And I know you kind of asked a little bit about LNG, but I think the bigger point is just the demand pool that’s anticipated out of South Texas. There could be up to 5 Bcf a day just from kind of the South Texas region when you think about power gen, industrial load and also in Mexico. And the demand pool is really real, right? You’ve heard us talk about Corpus Christi Stage 3. We’re going to have a 720,000 MMBtu day sale once that’s kind of in service. We got the 140,000, that’s today. But you also have Golden Pass that’s under construction and several other facilities that are getting very, very close to FID, which is excellent.

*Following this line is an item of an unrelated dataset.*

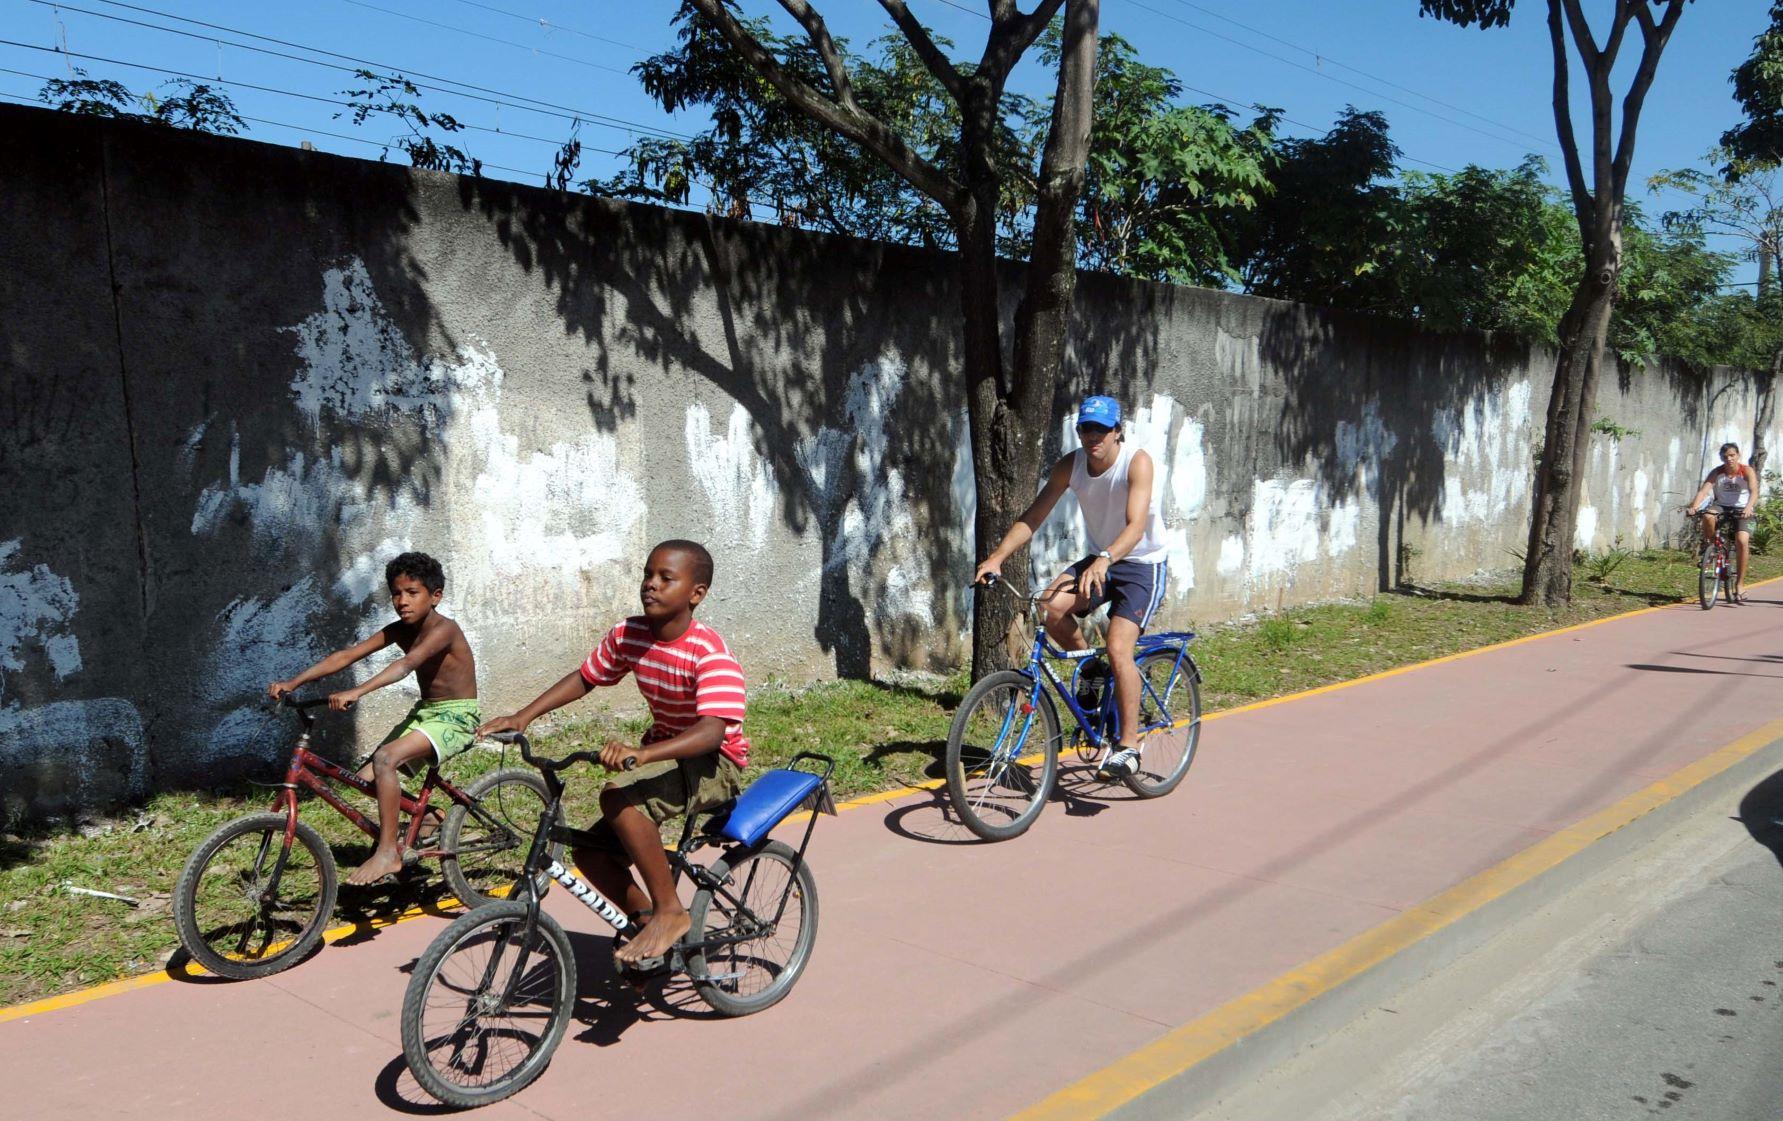 Ciclovia na Zona Oeste do Rio, inaugurada em 2011: cidade sem investimentos em infraestrutura cicloviária desde 2017 (Foto: J. P. Engelbrecht/Prefeitura do Rio)

And so maybe one other thing to add is that we’ve also contracted for a large transport position on an interstate pipeline expansion, allowing us to reach essentially all the LNG demand pool along the Gulf Coast from South Texas to Louisiana, and that will have a direct connection off of our 36-inch. So we’re thinking very tactically, strategically and setting up Dorado for the long term.

Operator

The next question comes from the line of Doug Leggate. You may proceed.

Doug Leggate

I wonder if I could jump on the Utica as well. I’m just curious about, I guess, the back story as to how you accumulate this position because there’s clearly a lot of players, I guess, a little east of you guys, some of which might have characterized their acreage as noncore. I know M&A is not your bailiwick typically, but a little background as to how you establish this position and whether you’d be looking to continue to expand it. And I’ve got a follow-up on that, please.

Ezra Yacob

Yes, Doug, this is Ezra. Thanks for the question. Like anything, we allowed the — our geologic model to kind of drive where we are interested in acquiring acreage. We were able to get in there and put it together in a variety of different ways. Probably the most noticeable one is that we were able to purchase the minerals down to the south that Ken highlighted earlier. It’s about 135,000 acres of minerals that we purchased as part of transaction.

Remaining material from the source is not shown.